Well, in 1766, Parliament passed what is called the “Declaratory Act”. This act gave the British government the authority to legislate the laws and rules for the American colonies, and in all cases the government had the final authority.

So, colonist groups began to organize at the grassroots level and they formed patriotic clubs and organizations known as the “Sons of Liberty”. They would use these club meetings to talk through their unfair circumstances and they began to send delegates and representatives to the British leaders to try and convince them that what they were doing was not for the good of the people.

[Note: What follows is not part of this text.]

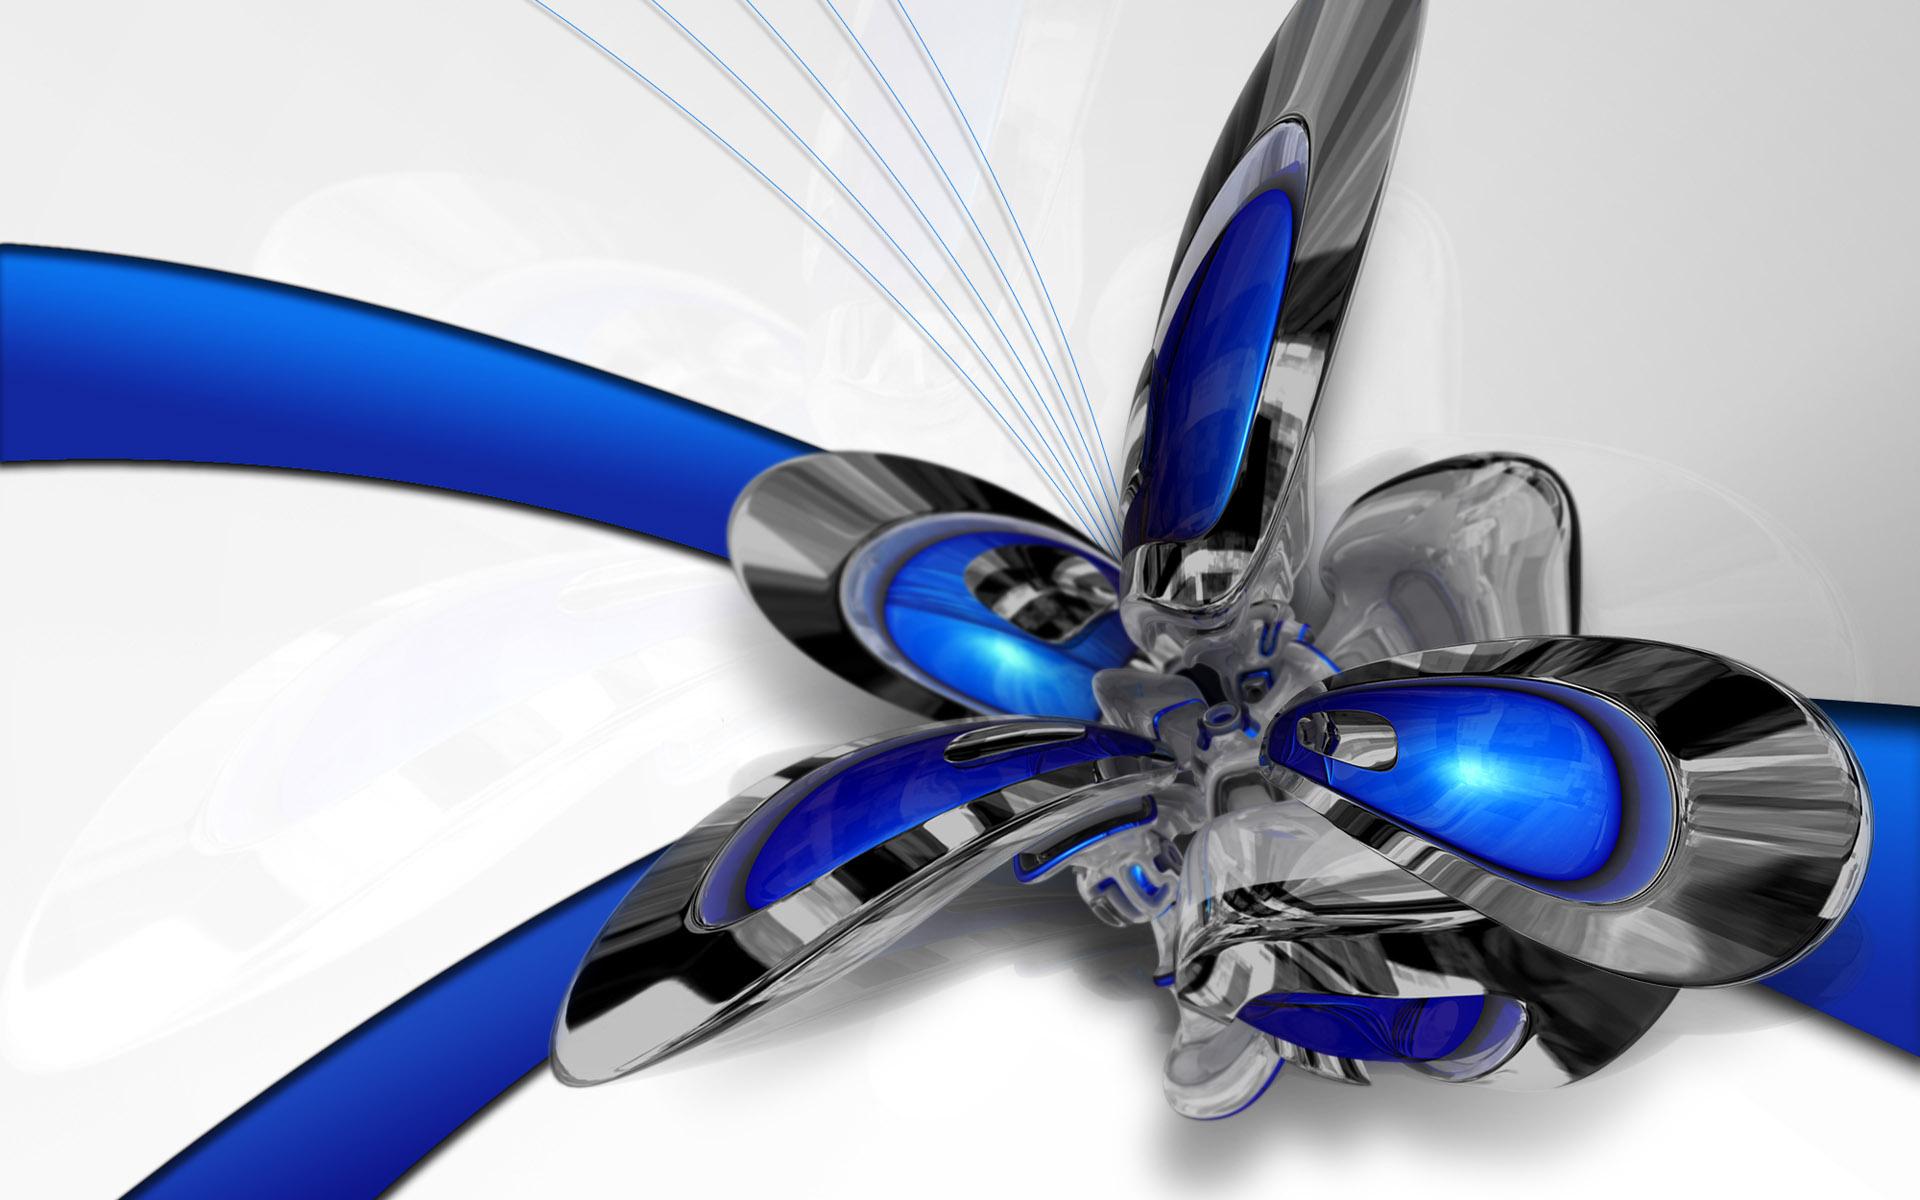 Abstract 3D Wallpaper 14   3D Photography Desktop Wallpapers 7255 1920x1200
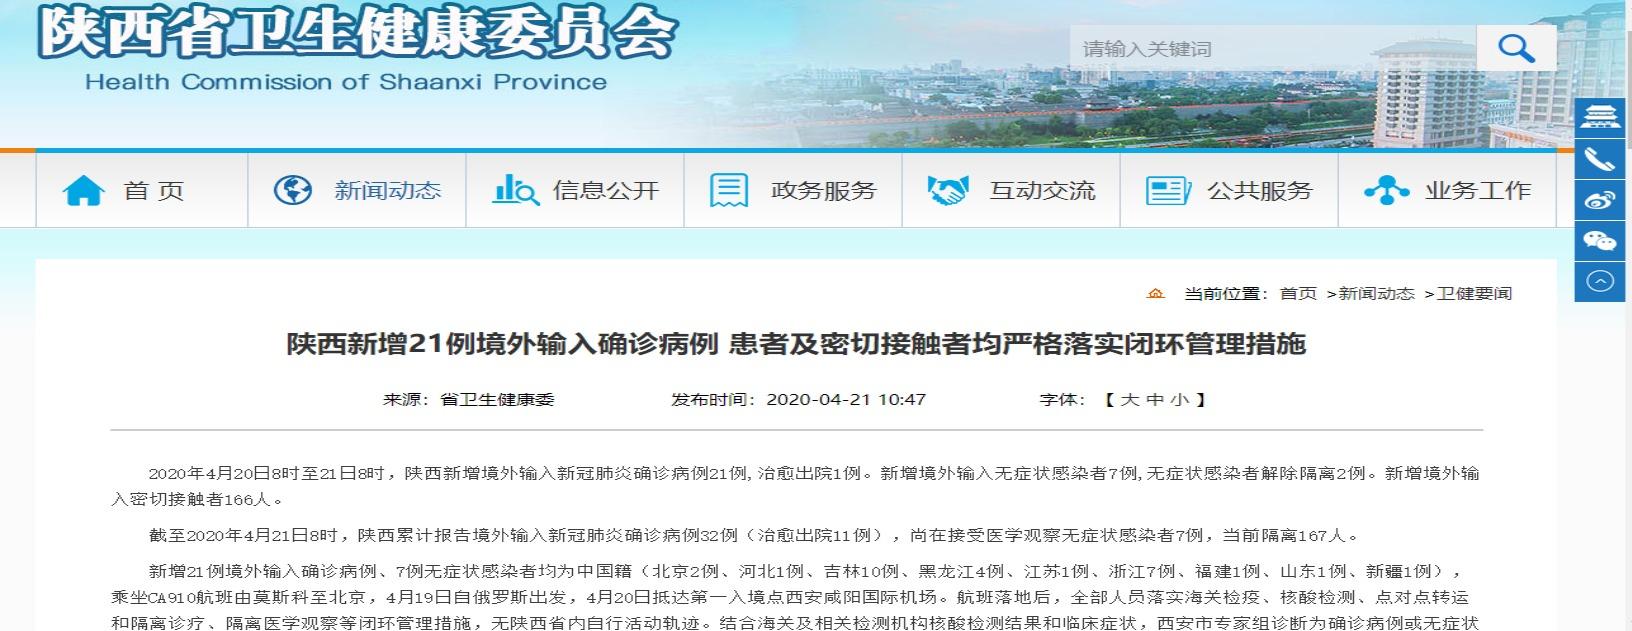 陕西新增21例境外输入确诊病例

But the British government had their own ideas as to what was best for the people, so most of the time they would not even listen.

Starting to sound a little too familiar?

    So as the different Liberty groups in each city began to form and grow, they found themselves linking up with other city groups causing them to become bolder in their speaking out. In the City of Boston there was a famous elm tree where the Sons of Liberty would meet. This tree came to be known as the “Liberty Tree” and it became a rallying point for the growing colonist resistance against the British rule. Soon each city and community began to pick their own liberty tree as a meeting spot as a symbol of their individual liberty. As these liberty groups began to me in large numbers and the attendance began to grow, in their attempt to stop these meetings, the British government ordered that holding any meetings not authorized by the government was against the law. So, the Sons of Liberty members began to meet in secret.

Well, the struggle continued between the colonists and the British government with more and more laws being enacted. What seemed to be the final straw was that in 1773, a new act, the “Tea Act” was passed, placing a heavy tax on all tea transported to the colonies. Shortly after the Tea Act was passed, a number of ships entered Boston Harbor carrying on board hundreds of thousands of pounds of tea. When the local liberty group heard of the ship’s arrival, they sent a message to the ship’s captain not to unload the tea because they would not pay that tax. But the local British authorities would not budge, so there sat the three ships in Boston Harbor.

Now no one knows for sure who really planned that “tea party” or who the real leaders were, but one night somewhere between 30 and 130 Men thinly disguised as Indians boarded the three ships and, over the course of three hours, dumped all the tea into the harbor – this dumping of that tea became known as the “Boston Tea Party”. Interestingly enough, later that Tea Act was actually repealed, but the damage had already been done, and the people had determined that their government would not listen to them – and they began to move for independence.

So, here’s my question for you, “Are the events in our lives which make us wake up and act – are they good or bad?” It was patriot, Edmund Burke, who said, “He who wrestles with us strengthens our nerves and sharpens our skills; our antagonist is our helper”.

But this one thing we do know – if the British government had not pushed the colonists too far, well, today, we might still be speaking with a British accent.

And one last thought, “What should “We The People” be doing today if we feel we are not being heard?

And are mere protests enough? You tell me.